First Street Bank made a loan of $10 million for ten years to Boats N'More, a business that manufactures and sells small recreational boats. The loan agreement contains the following condition subsequent. "It shall be a condition subsequent to the Bank's obligation to make the loan that on or before March 15 of each year, Borrower shall deliver to Bank written proof of insurance covering the inventory and work in progress of Borrower. In the event this condition subsequent is not satisfied, the Bank's obligation to continue the loan shall terminate and the Borrower shall repay the loan within 10 days of notice by the Bank." For the first five years of the ten-year loan period, Boats N'More never delivered the proof of insurance to the Bank. The Bank never requested the proof. Each year the Bank met with Boats N'More on April 1 to review the loan and never stated that the condition was not fulfilled. In the sixth year, the Bank sends a notice to Boats N'More demanding repayment claiming the condition subsequent quoted above has not been met. Which of the following statements is most likely to be true with respect to whether the Bank's obligation to loan the $10 million for ten years is discharged? (A) The condition subsequent of delivering proof of insurance has not been satisfied and the Bank's duty is discharged. (B) Since the insurance proof was never provided, the Bank's duty to lend the money never arose. (C) Because the Bank interfered with the satisfaction of the condition by not informing the Boats N'More that the information had not been received, the Bank cannot use the failure of the condition to discharge its duty. (D) The Bank is estopped from invoking the condition to discharge its duty since its repeated failure to object to the failure of Boats N'More to satisfy the condition implies an intention not to enforce the condition.

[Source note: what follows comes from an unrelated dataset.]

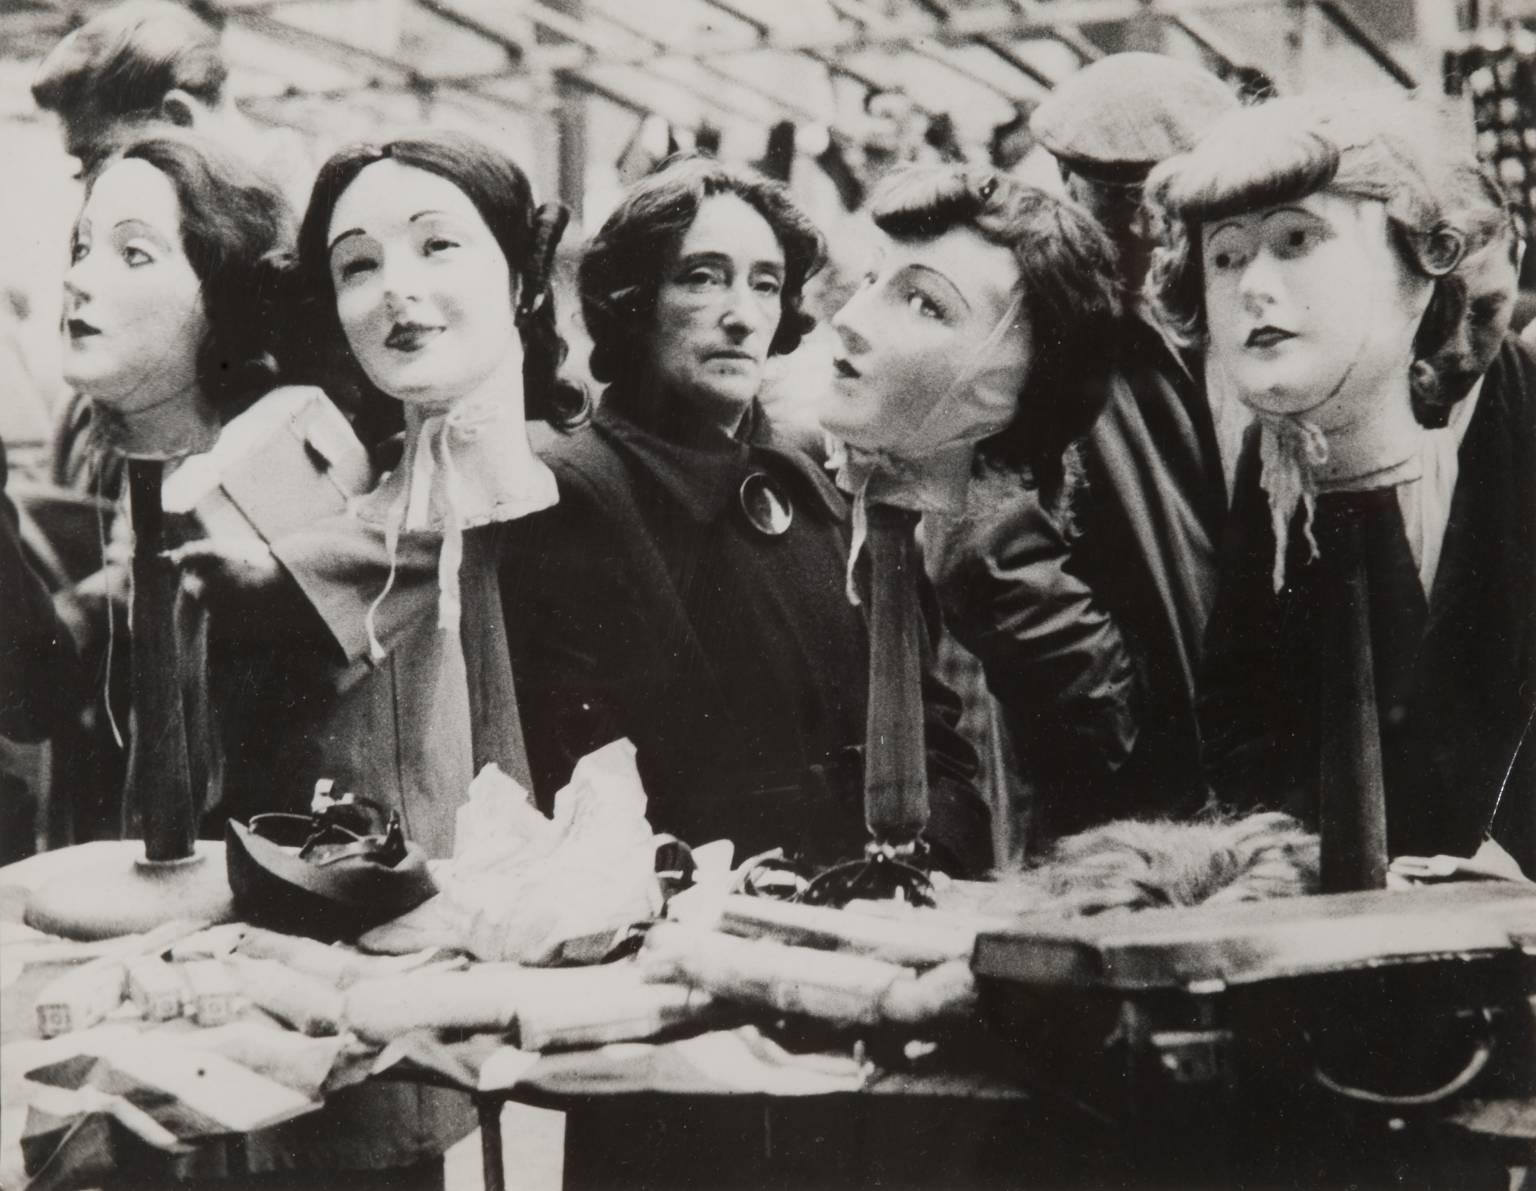 Рынок Петтикот-лэйн. Парик. 1952

D The question tests the understanding of conditions subsequent and the excuse of a condition by estoppel. The condition quoted is a condition subsequent = a condition is a fact or event that must occur after performance begins but which discharges the already begun performance. A condition precedent, in contrast, must be met before performance begins. Thus, answer B is incorrect because it treats the condition as a condition precedent. Although interfering with a condition will excuse its satisfaction, there is no evidence the Bank interfered with the condition. It merely did not remind Boats N'More of its duty. This is not interference or frustration. If the Bank had changed its address or refused to receive mail from Boats N'More that might constitute frustration of the condition, but no such facts are stated and therefore Answer C is incorrect. Here the Bank's failure to object to the non-satisfaction of the condition for five years and its meeting with the borrower to discuss the loan every year shortly after the condition was due to be satisfied most likely suggests the Bank is estopped from exercising its right to demand the past due proofs of insurance. It was reasonable for Boats N'More to believe on these facts that the Bank did not intend to enforce this condition. Therefore, answer D is the best choice. Because answer A does not take account of the likely waiver/estoppel possibility it is not the best choice.